Understanding how to use @export and the scenes not yet in the Scene Tree

Godot Version

v4.2.2.stable.official [15073afe3]

Question

Hi y’all!

I am making this little top-down shooter, and I was hoping I could add a scene for a combat room’s geometry, then drag and drop scenes from FileSystem to mix and match spawn patterns and doors. However, this has led me to realize I may not be understanding something about scenes/resources/etc.

Why can I not just @export a type, then drag and drop it into a scene? My gut tells me okay, it has to exist in the scene for this to work. That is okay, I can always just create copies of these scenes and mix and match them that way. But ideally, I can change the geometry/nodes by dragging and dropping.

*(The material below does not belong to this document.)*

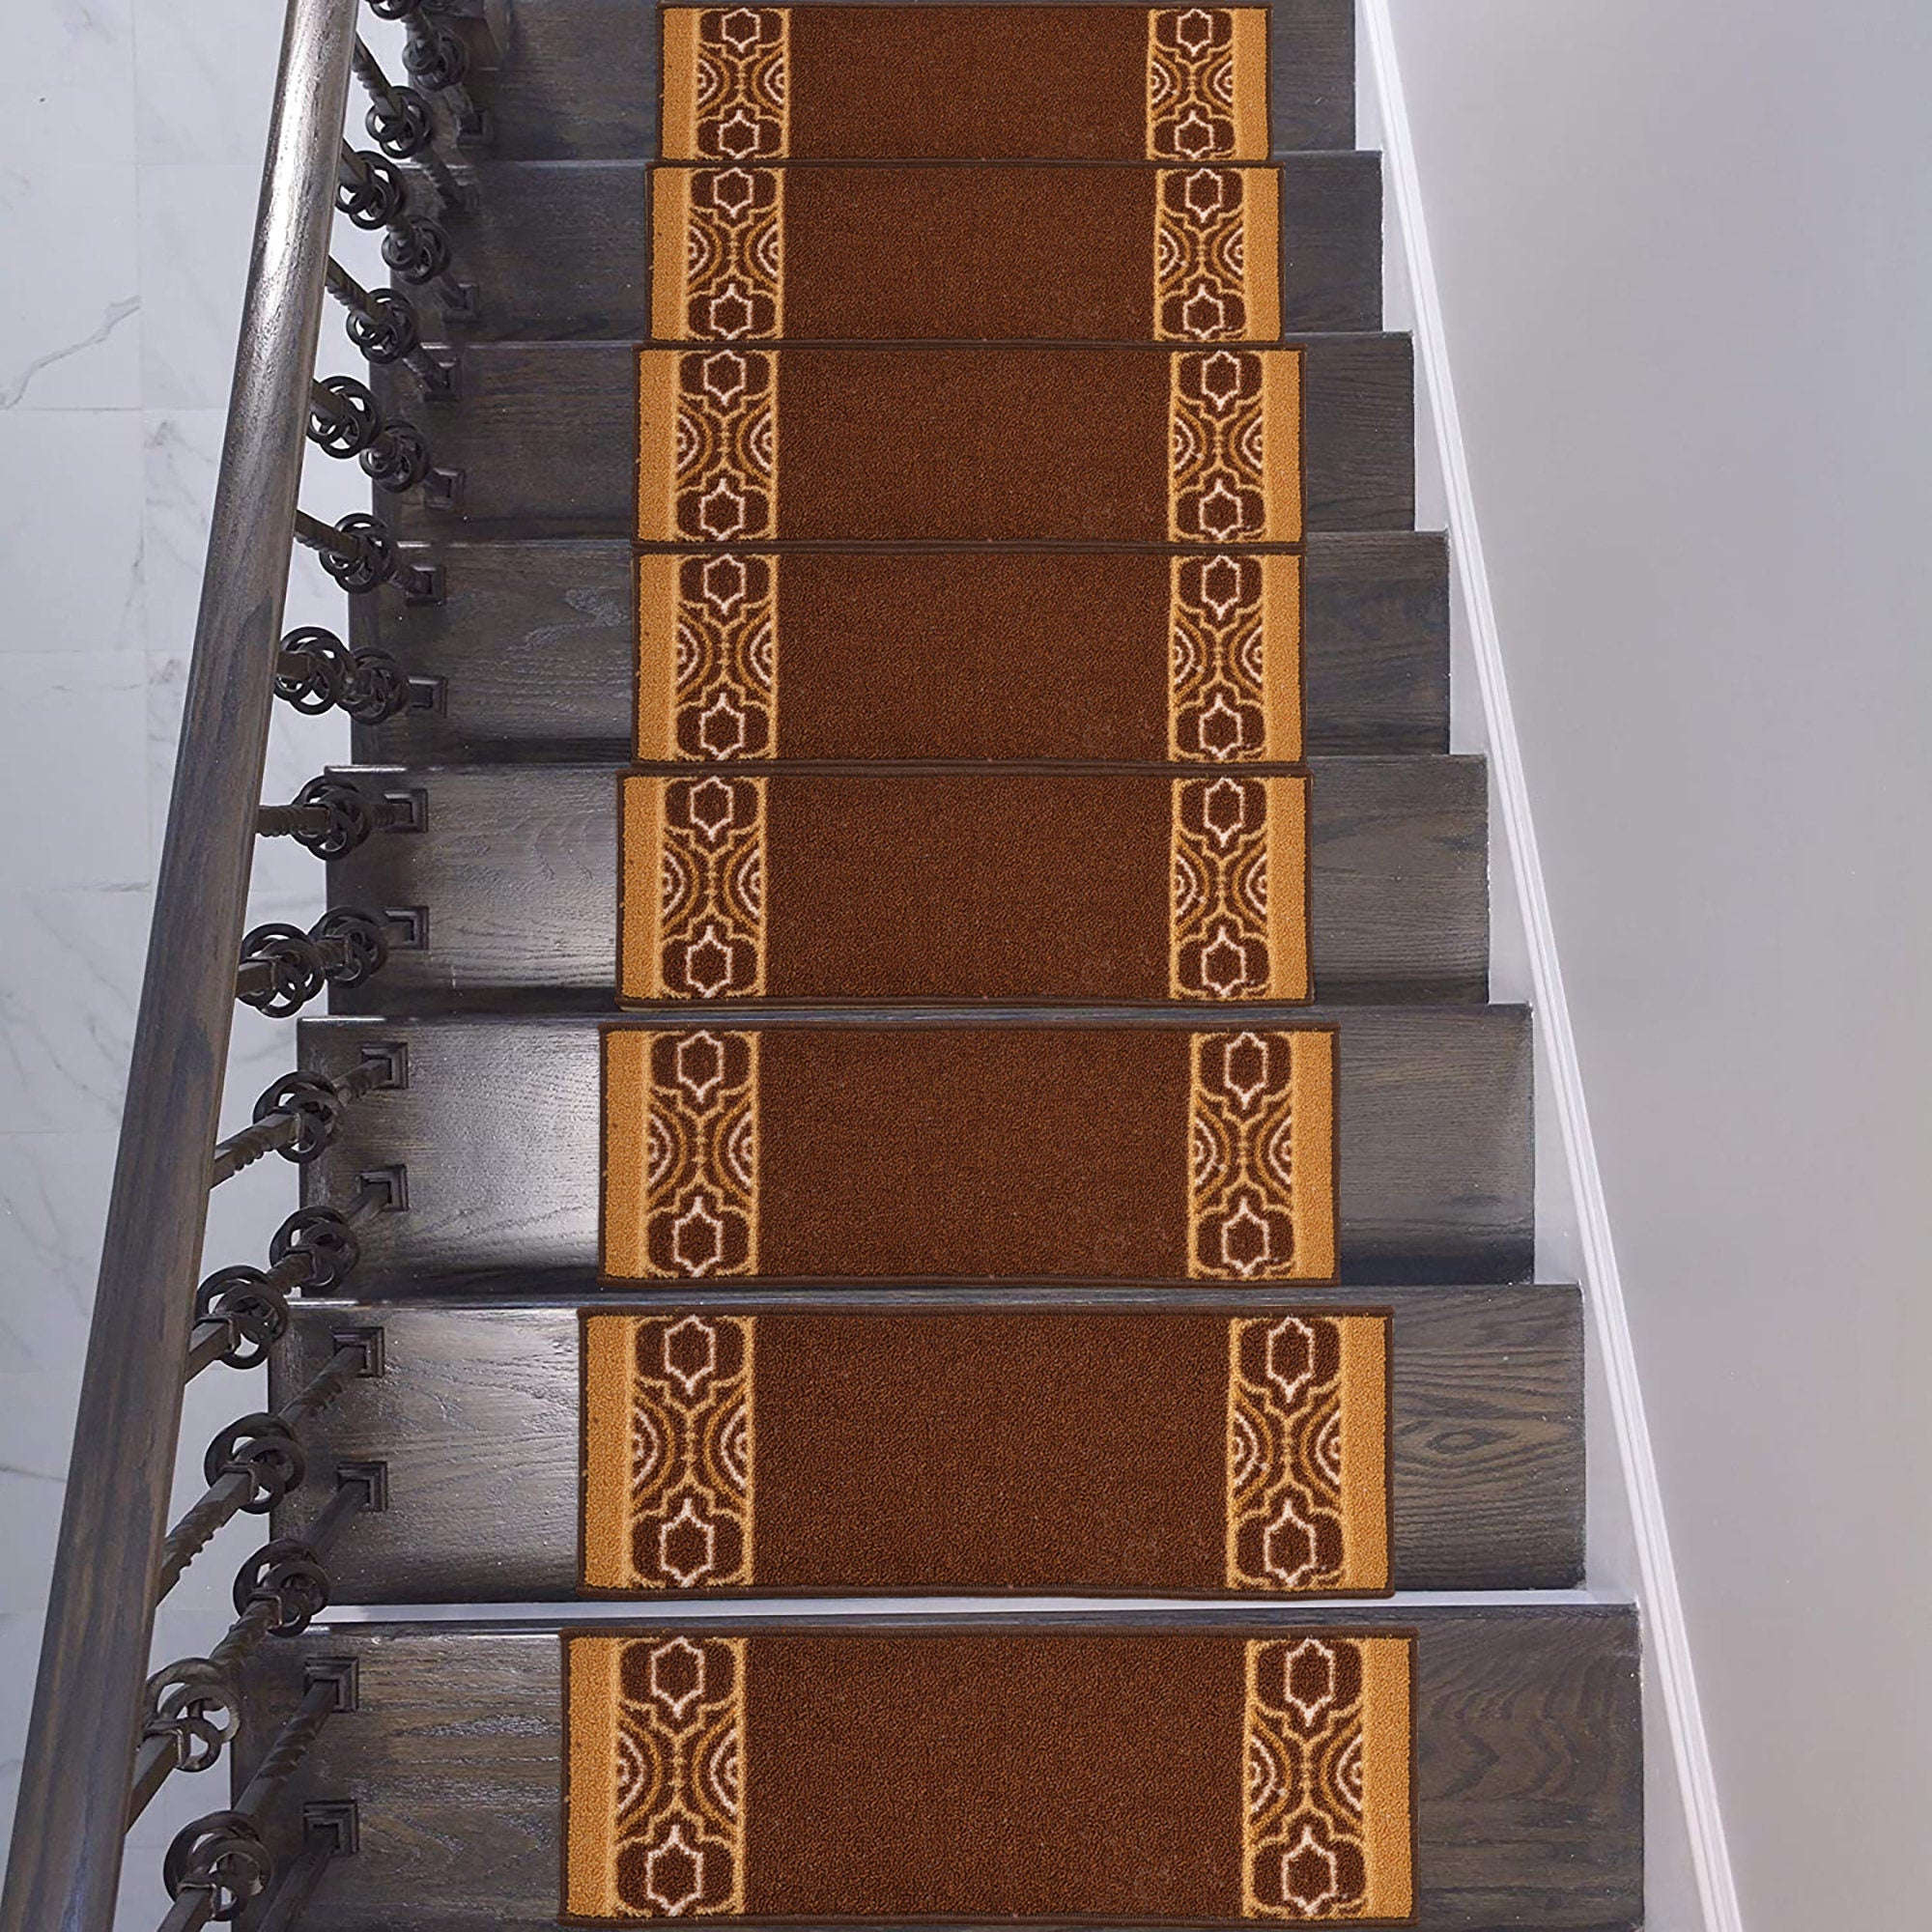 Machine Washable Stair Tread Moroccan Trellis Bordered Brown Skid Resistant Latex Back Carpet Stair Treads Size 8.5" x 26" Many Set Options
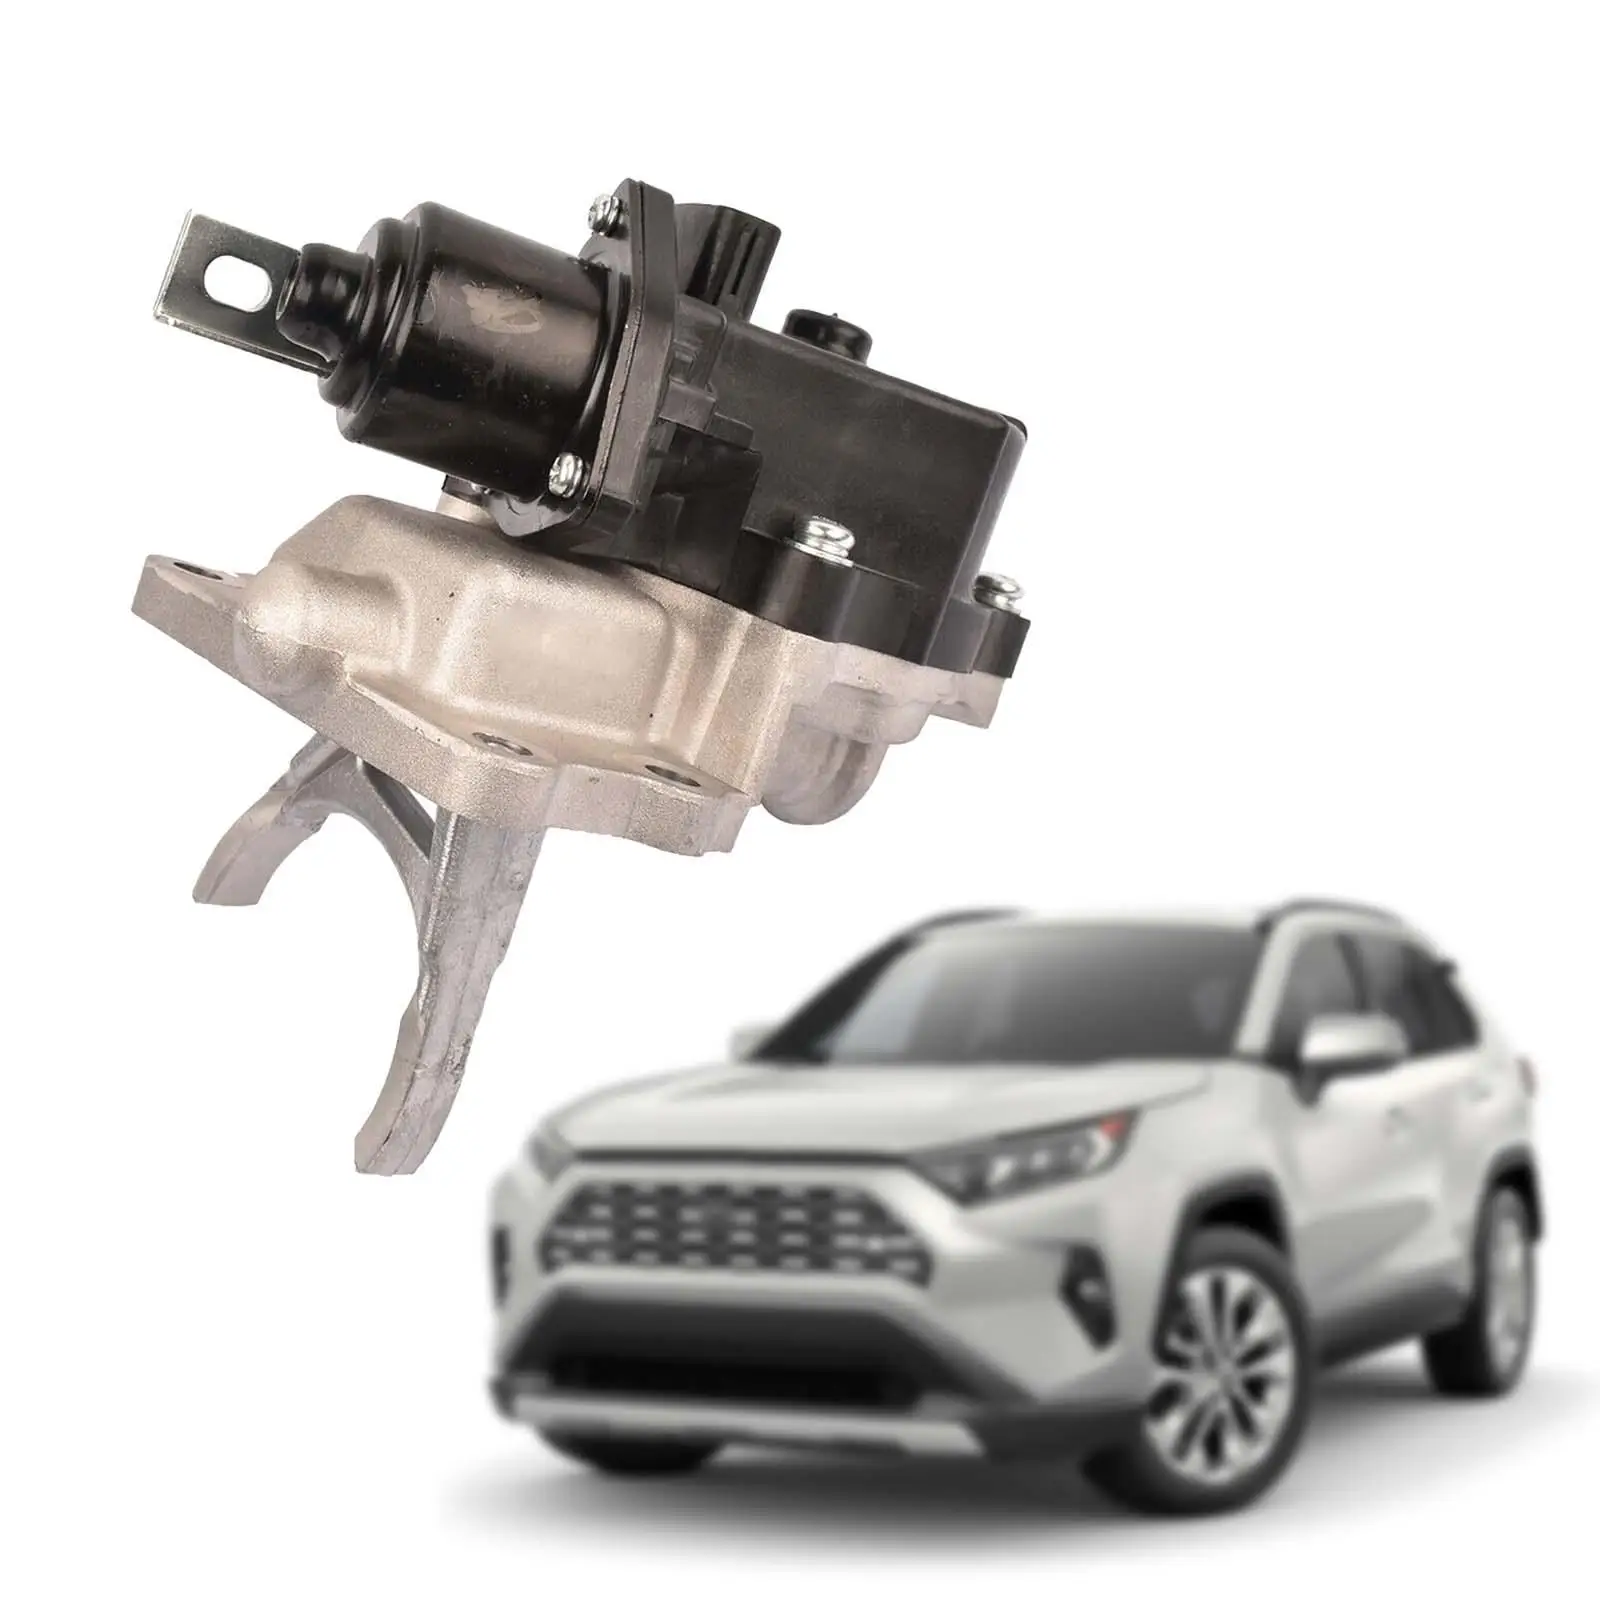 Differential Actuator Assembly Replaces Car Accessories 4140034011 41400-34013 600-410 for Toyota for sequoia 2001-2007

Now, for pure data, like floats and ints that control spawn timers and health, I am using a custom resource I ca
progress
n drag into the scene. But how can I do the same for things that have a “physical” presence in the Scene Tree? Stuff that has a Transform?

Thanks for any help you can provide! Here is a .gif of what I mean, please let me know if can further clarify.

Im not quite sure what you are trying to achieve. if you want to export a scene in the inspector you can do this:

@export var packed_scene: PackedScene

you still need to instantiate the scene and add it to the scene-tree, or you add it as a child of the scene and reference it with the following:

@export var my_node: Node
@export var my_node_3d: Node3D

If you want to drag already existing scenes into your current scene you can just drag them either into the SceneTree or in the Game-Window

I can clarify: I want to assign a node in a scene from the FileSystem. I want to able to assign geometry to the scene from outside of the scene.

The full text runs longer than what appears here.